Compared with many of my past dental adventures, the laser treatment was a piece of cake. There will be follow-up after a couple of weeks and then at longer intervals after that. I’m actually glad to get established with MHP because he will keep an eye on things so that I can avoid periodontal problems in the future.

Wednesday, August 14, 2013

Why I Always Get and Keep Copies of Medical Test Results

Yesterday was my annual physical, a day I always anticipate with dread because it represents my annual battle with The Way Things Are in the health care business today. Inevitably this battle involves my doctor, a kind and intelligent person who has only my best interests at heart. She is the one I would want beside me in a medical crisis. But there is no crisis – I am perfectly healthy – and this year, like most years, I will have to prove it, by achieving normal results on various medical tests or by justifying any result that is out of line.

I might give up having an annual physical at all, except that I need refills of the two medications I take regularly: Synthroid for my hypothyroidism (no generics, please, we’ve tried that already) and Premarin, which I’ve taken since 1980 because I had a complete hysterectomy and want to stave off bone loss. So I go for my physical, get my blood work, mammogram, and DEXA scan, and deal with the consequences. 

An individual test result, looked at in isolation, can be misleading. In health care, as in most of life, context is everything. Unfortunately, because of the way medicine is practiced today, context is very limited or absent altogether. Most doctors don’t know their patients well; many don’t know them at all. Record-keeping systems are constantly changing which can lead to the loss, misfiling, or intentional destruction of older documents. One topic of conversation with my doctor yesterday was my high BUN/creatinine ratio. This is an item to be taken seriously because it is an indicator of kidney function. In my case, creatinine is a perfectly respectable .9 (normal range .5 to 1.3) but BUN or blood urea nitrogen is a whopping 32 (normal 7 to 20), resulting in a ratio of 36 (normal 6 to 25). On a more positive note, my GFR, another measure of kidney function, is 66, perfectly fine.
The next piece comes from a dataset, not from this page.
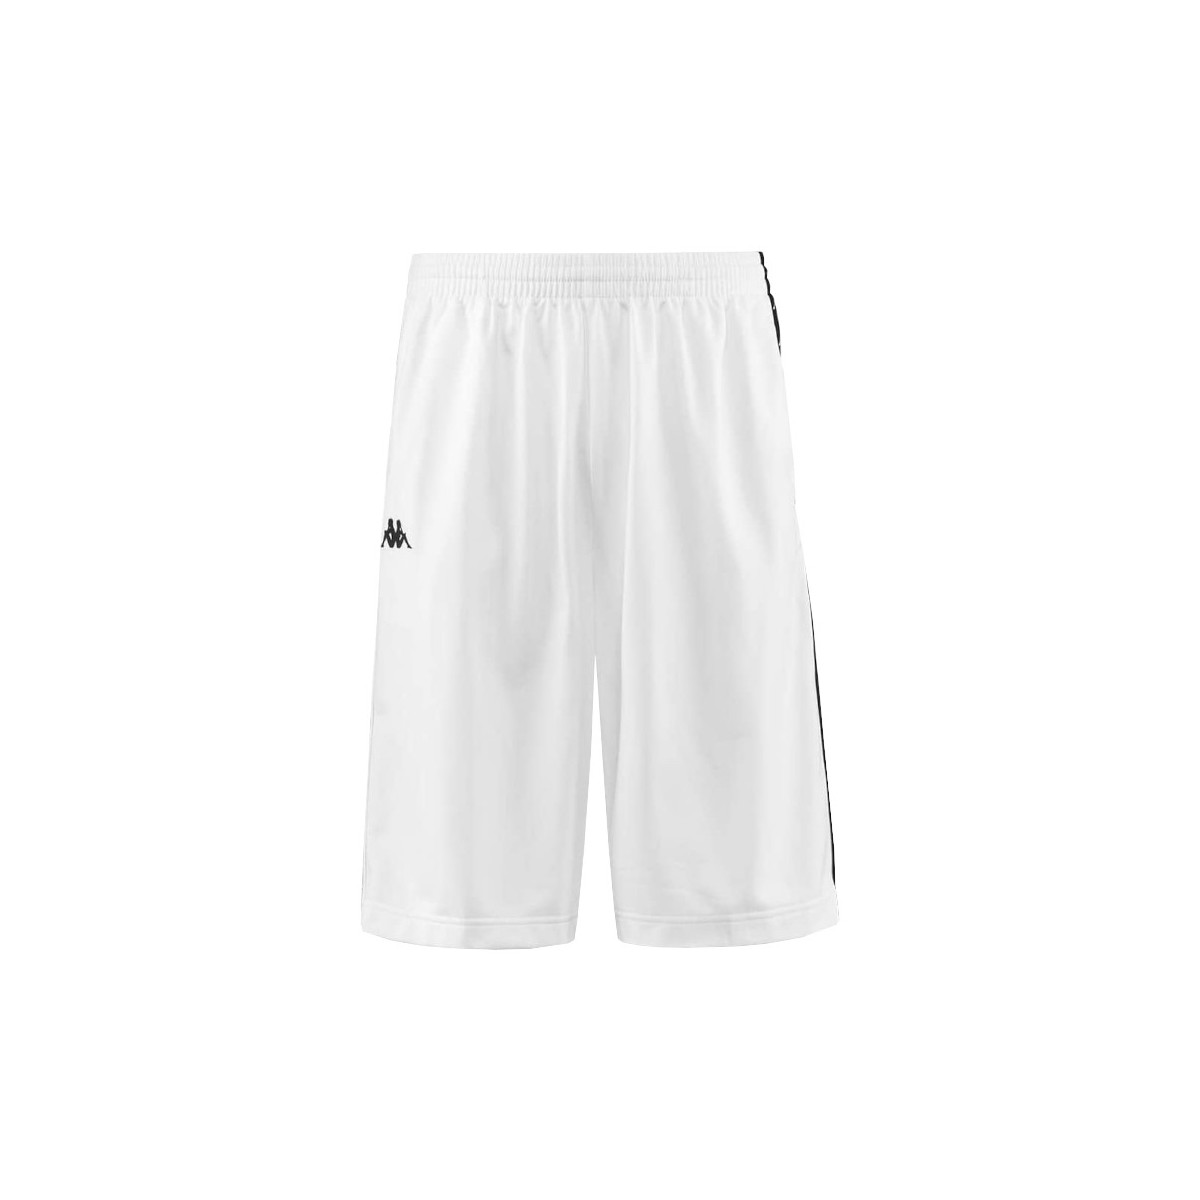 Textil Muži Tříčtvrteční kalhoty Kappa Banda Treadwell Shorts Bílá

My doctor was concerned but I pointed out that the ratio, for me, has been high for years, maybe even decades. In the past doctors have attributed the high BUN to dehydration associated with fasting before blood work. “Still,” the doctor said, “it’s higher than last year and the year before. It seems to be going up.” We talked about whether I’m dehydrated  (no), whether the protein supplement I take could be affecting it, and she wants me to repeat the test on a day when I’m not fasting. I agreed.
My doctor only has test results for me going back a couple of years but I started getting and keeping copies in 2000 when my doctor at the time wanted me to take statins. After my appointment I went back through the file and found that the BUN/creatinine ratio has bounced around a lot; in 2005 it was 36! Protein in the diet can have an impact on BUN; cardiosmart.org, the website of the American College of Cardiology says, "Do not eat a lot of meat or other protein in the 24 hours before having a blood urea nitrogen (BUN) test." Exercise can affect it too. One website for weight lifters recommends not lifting weights or doing cardio the day before the test. (I had probably done both the day before this year’s.)
I haven’t had the mammogram or DEXA yet but so far this year’s flap has been relatively minor compared with the breast cancer non-event a few years back and the heart disease false alarm last year. Doctors devote their lives to helping others. In order to help as many people as possible they rely on test results and on generalizations based on large research studies. Since their time with individual patients is very limited, they sometimes interpret idiosyncratic variations as disease. In addition to a very real concern for patients, the prevalence of malpractice litigation inclines doctors to err on the side of caution.
I believe that having health coaches in doctors’ offices would do a great deal to reduce unnecessary testing and anxiety on the part of both doctors and patients. A health coach would have the time to review my medical records and know that my white blood cell count is sometimes low and that my BUN is always high. Instead of making assumptions about my physical condition based on my age and sex, a health coach could actually find out how many pushups I can do and what I eat for breakfast. The main reason to respect Western medical care is that it is based on science and science depends on accurate information about specific situations. A health coach who knows me could be a valued ally in my annual fight to prove that I am healthy.

Wednesday, July 17, 2013

Working Out With Bob, Erik, and (of course) Tony

Anyone who reads this blog knows that I am a huge fan of P90X.  I first learned about the program from a Sunday morning infomercial on TV, bought the DVDs in September of 2009, and wasn’t sure I would ever be able to do the whole thing. I started interspersing some of the workouts with ones I was currently doing.  Eventually I did P90X Lean, the slightly scaled back version, all the way through. Last year I advanced to Classic, the main version, and did that all the way through twice. 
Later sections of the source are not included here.